While noting the need for diversity in politics, Gianaris said it’s the ideas that have to prevail. “It’s about the issues,” he insisted. “If we agree on the things we advocate, we seem to work in sync well together. And I think there’s a value to having someone in the leadership in a position of authority in the conference to advocate some of these things, and help create the support in the conference to get them done.”
He is also the son of Greek immigrants, and understands the struggle of other immigrant groups, Ramos said. Biaggi added, “I think that one of the dangers that we have as progressives is if we have purity tests where only certain people are allowed. That’s really not right.”

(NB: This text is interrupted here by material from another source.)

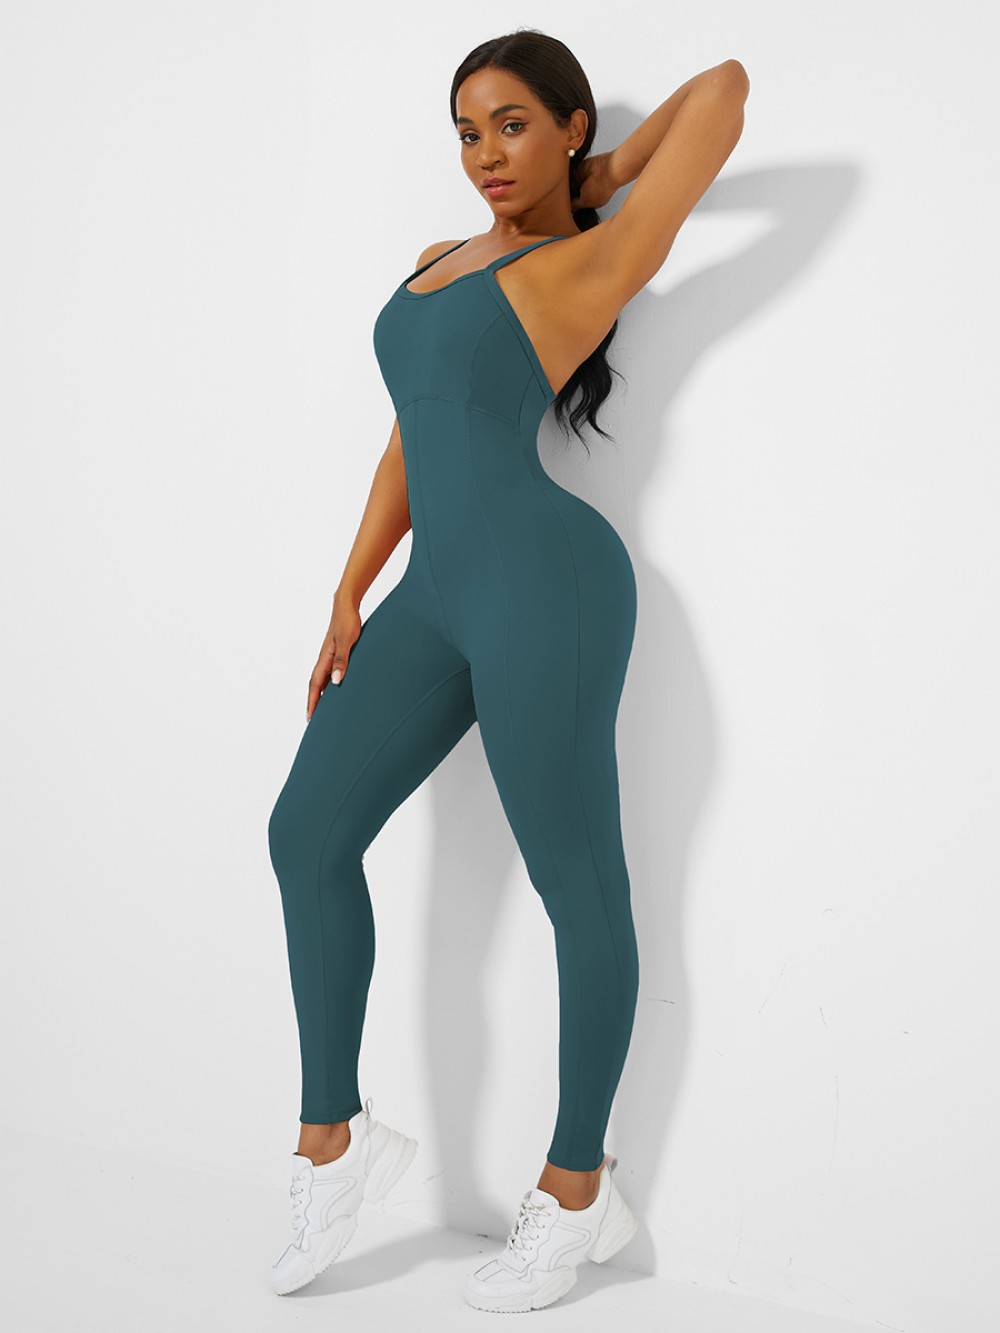 Blue Cross Back Pleated Sling Athletic Jumpsuit For Fitness

Gianaris doesn’t rule out running for higher office, but says he’s focused on his upcoming election. Backlash to his role in driving away Amazon has produced at least one primary challenger: Justin Potter, a registered Republican up until this year. “The beauty of what’s been going on lately is people are engaged,” Gianaris said. “If someone wants to go make the case that Amazon should be here, we’ll have that debate in the election.”
With Letitia James recently elected state attorney general, it’s not clear what higher office he would seek. Gianaris says he’s got enough on his plate at the moment, and will focus next year on unfinished business like recreational marijuana legalization and solitary confinement. He’s in a position where he can keep an eye on the evolution of the rest of his conference and his district. Whether he’s following that evolution or the one pulling it to the left depends on who you ask.
For the time being, it’s from this spot that he’ll attempt to execute the progressive agenda – or what’s left of it after this past session. “I’ve been sitting around too long to not have these things happen,” he said. “Spending years in the minority waiting for this moment, my foot is on the gas, trying to get as much of it done as possible.”